The dissatisfaction was not limited to internal stakeholders. Investor confidence in Stellantis dwindled as its US-traded shares plummeted 43% in 2024. By comparison, competitors like General Motors saw their stock rise 55%, while Ford experienced a smaller decline of 9%. Analysts at Bernstein noted that while CEOs in the automotive industry are often celebrated as transformative figures, one misstep can lead to a dramatic fallout.
Tavares’ cost-cutting philosophy, while effective in previous roles at PSA Groupe and General Motors’ Opel division, proved divisive at Stellantis. His push for efficiency led to layoffs of roughly 40,600 employees globally between 2020 and 2023, with further reductions in 2024. In Europe, austerity measures reportedly reached extremes, with reports of coffee machines being transported over 100 miles to avoid purchasing new equipment at certain factories. This cost-driven approach led to ongoing friction with the United Auto Workers (UAW) union and other labor groups, who criticized Stellantis for treating its workforce unfairly.

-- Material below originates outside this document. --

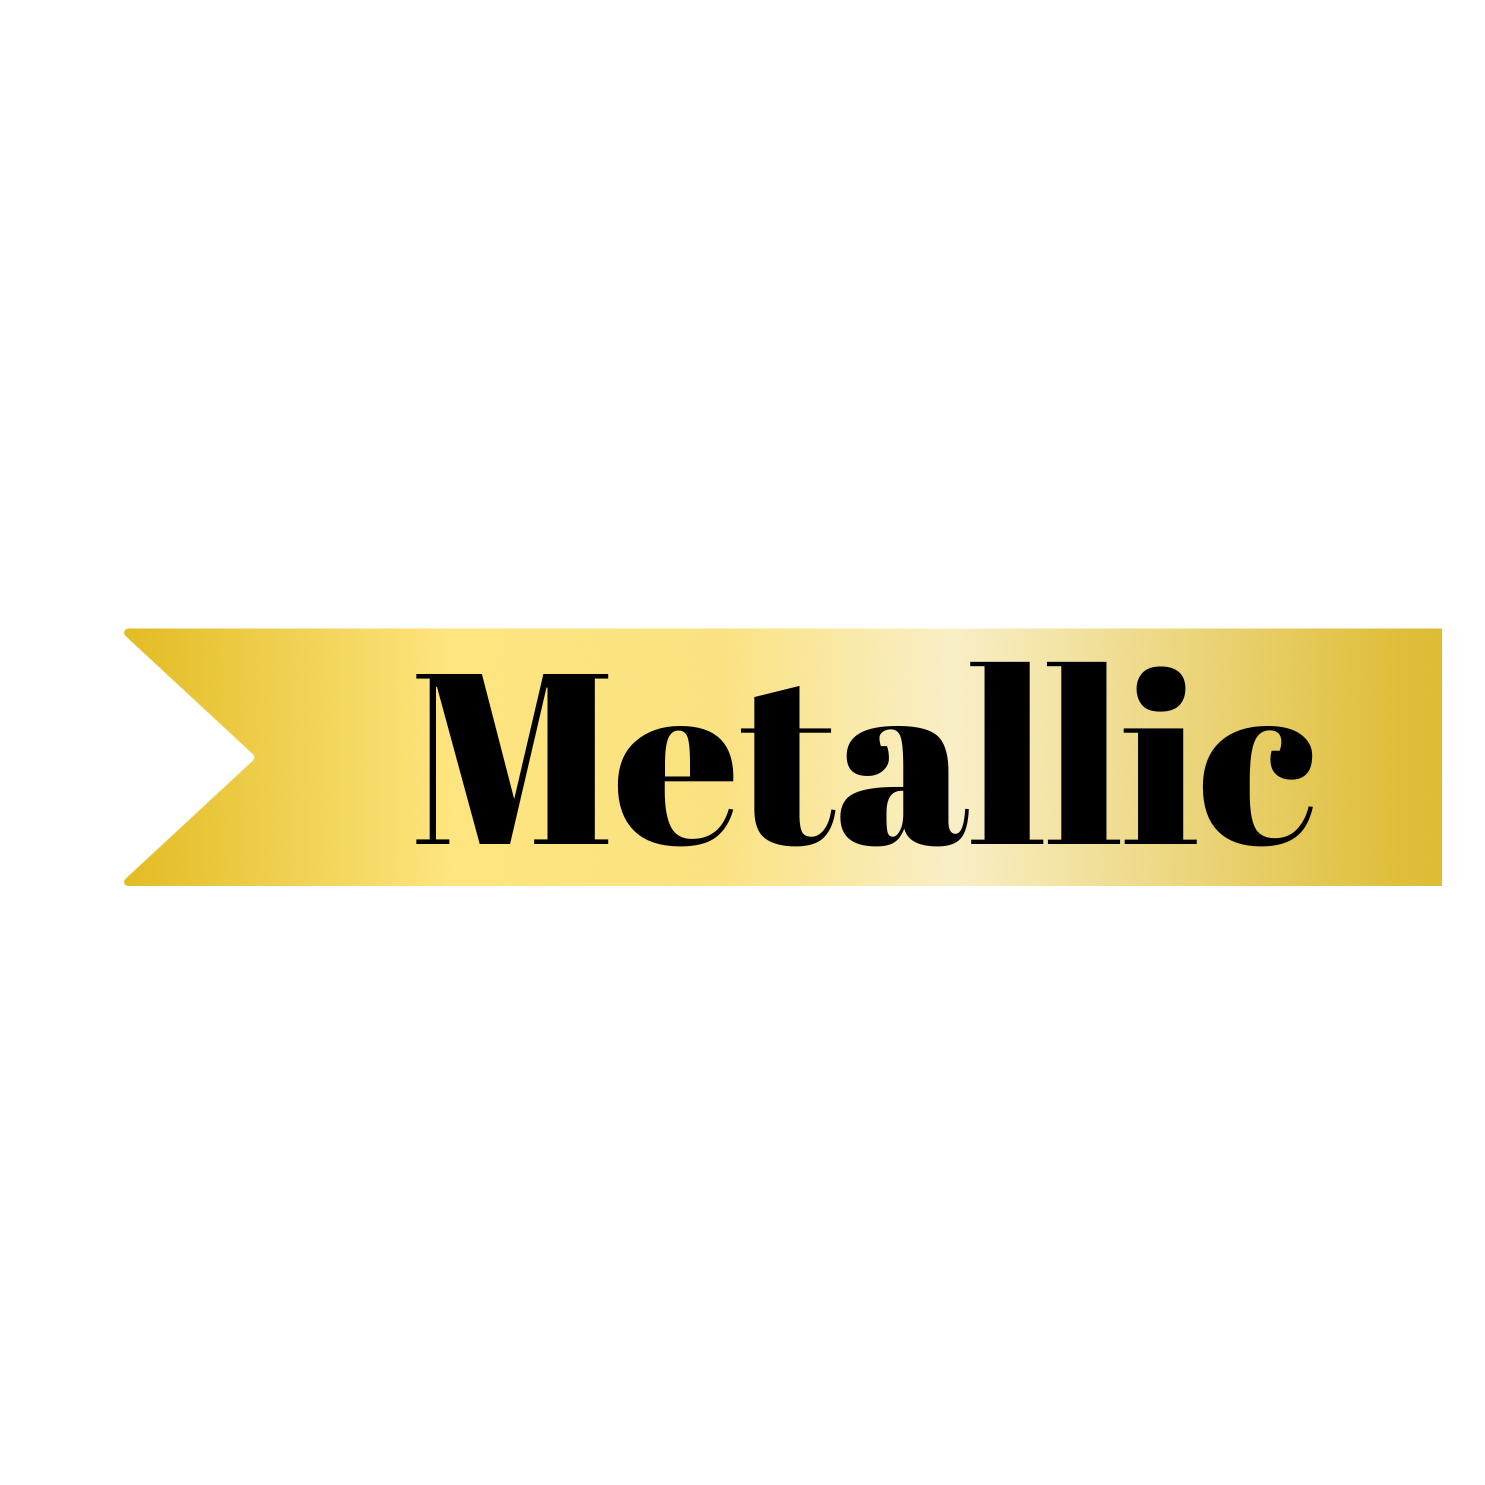 metalic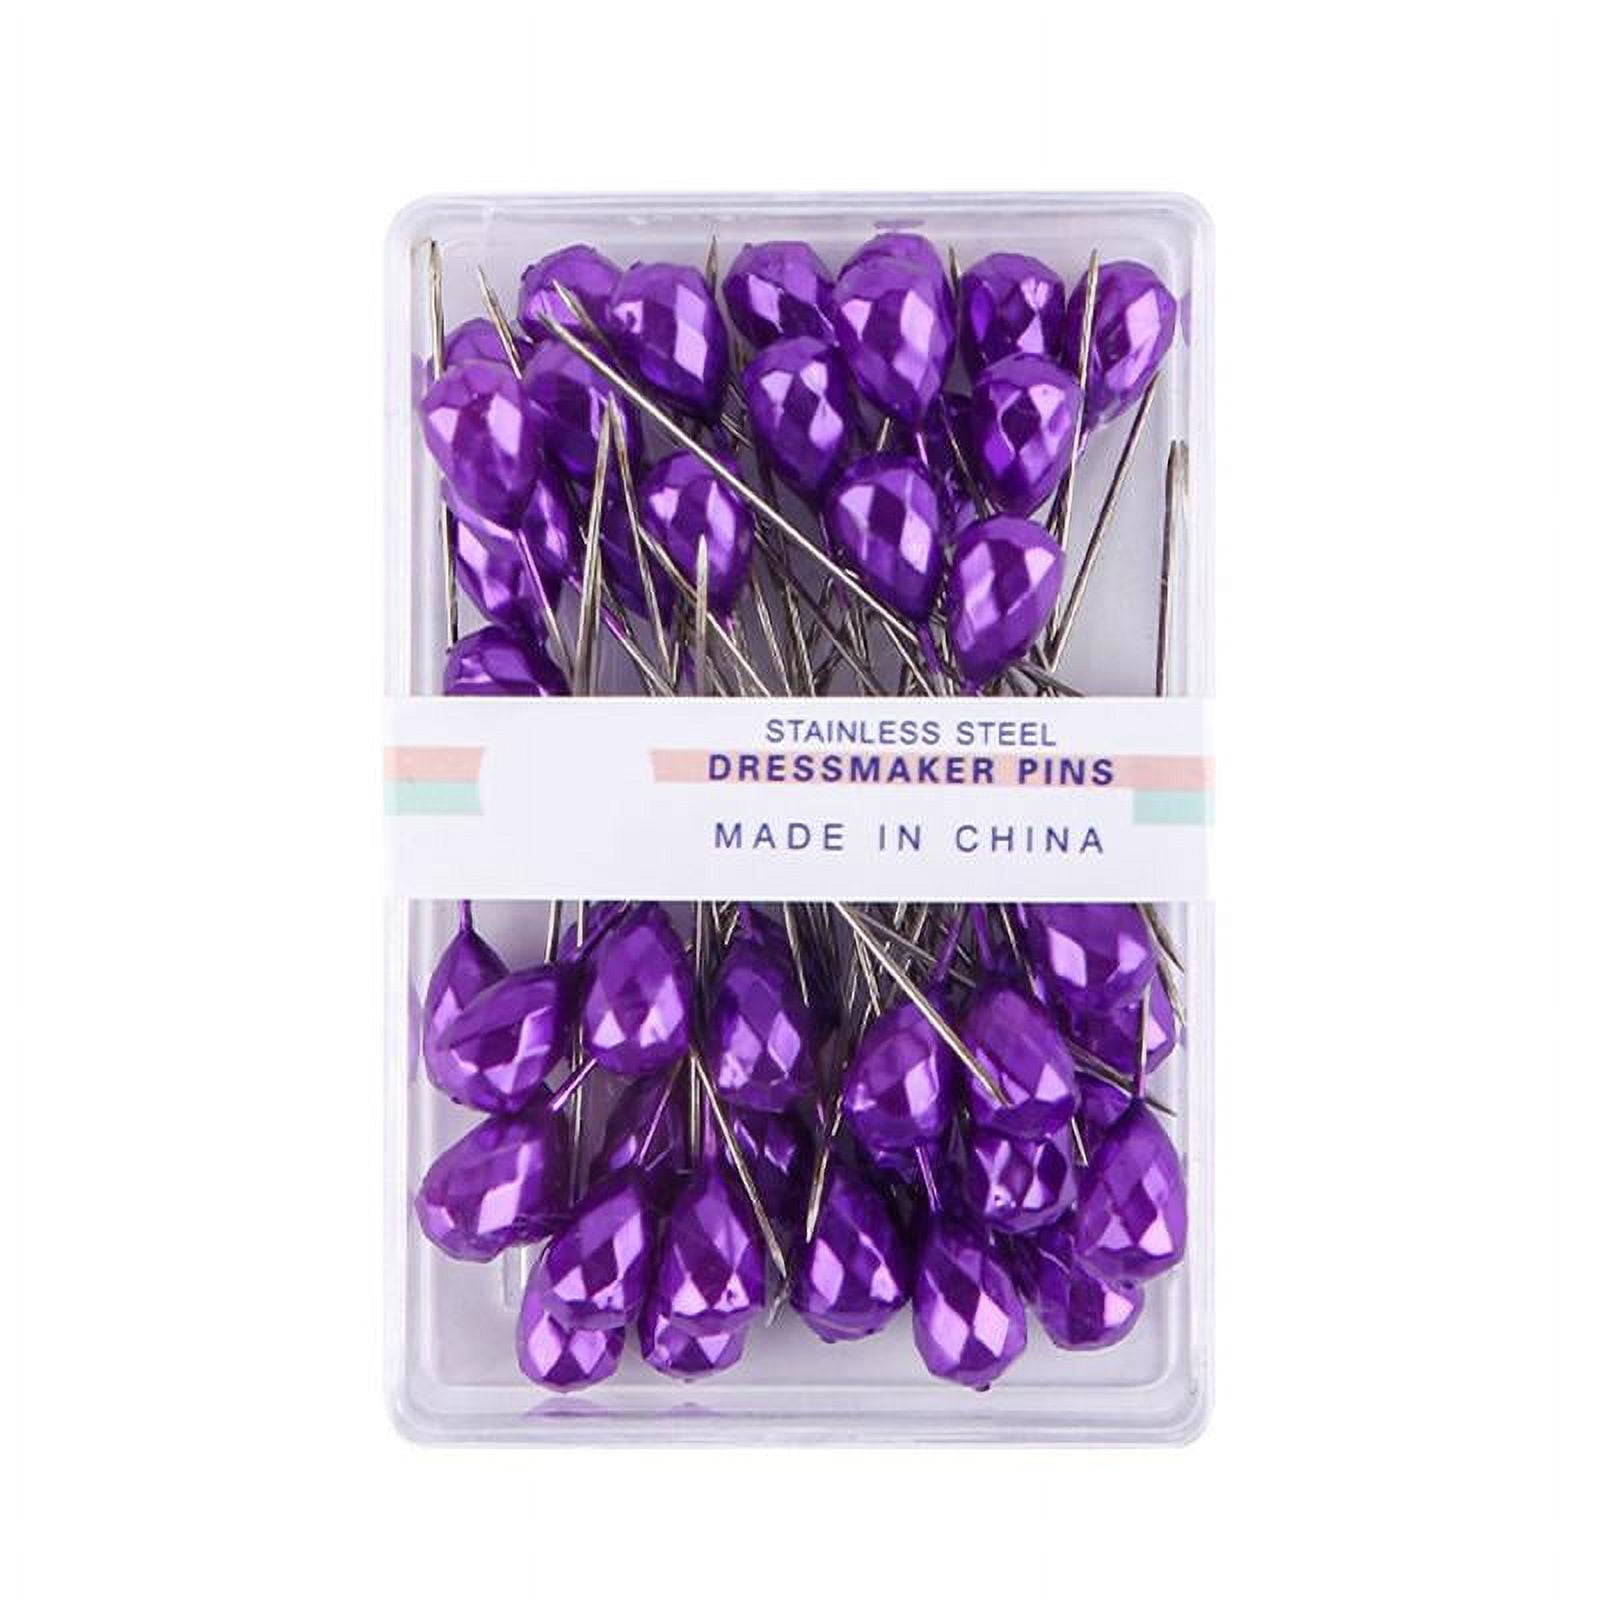 Dressmaker pins close up stock photo. Image of purple - 108257562

Shawn Fain, president of the UAW, had been calling for Tavares’ dismissal for months, framing it as a step toward better treatment for the company’s workforce. Following the announcement of Tavares’ resignation, Fain welcomed the move, calling it “a major step in the right direction for a company that has been mismanaged and a workforce that has been mistreated for too long.”
Whoever succeeds Tavares as CEO will face a complex landscape. The new leader will be tasked with rebuilding relationships with US employees, suppliers, and dealers, as well as restoring the company’s credibility with investors. US dealer council head Kevin Farrish has already signaled optimism, pointing to changes made by newly appointed North American Chief Operating Officer Antonio Filosa.
The next CEO must also address production strategy, particularly the balance between electric and internal combustion engine (ICE) vehicles. While Tavares prioritized electric vehicles as part of the “Dare Forward 2030” initiative, some US leaders argued that gas-powered models should have been maintained longer to sustain sales. The company must now navigate this divide as it continues its EV transition amid intensifying competition from American rivals.
Stellantis Chairman John Elkann has stepped in to manage operations as part of a new interim executive committee. Elkann, who is also the head of Exor, Fiat’s holding company, has been active in damage control, meeting with dealers and visiting Stellantis sites in the US, Italy, and France. He is reportedly optimistic about the company’s future, and a formal CEO appointment is expected during the first half of 2025.
Tavares’ departure serves as a reminder of the delicate balancing act required of automotive CEOs. While cost-cutting and efficiency are necessary for profitability, a lack of sensitivity to regional market needs, employee morale, and stakeholder relationships can have serious consequences. As GM President Mark Reuss remarked:
“You can’t cut your way to growth.”
Stellantis’ board appears to have recognized this lesson, and the company is now working to repair damaged relationships. Among the first signs of this shift is the end of the controversial “Darwin” cost-cutting program. According to sources, the program — named after Charles Darwin’s theory of survival of the fittest — was symbolic of Tavares’ survival-of-the-strongest philosophy. Elkann signaled a shift in corporate strategy:
“Darwin is dead because we intend to survive.”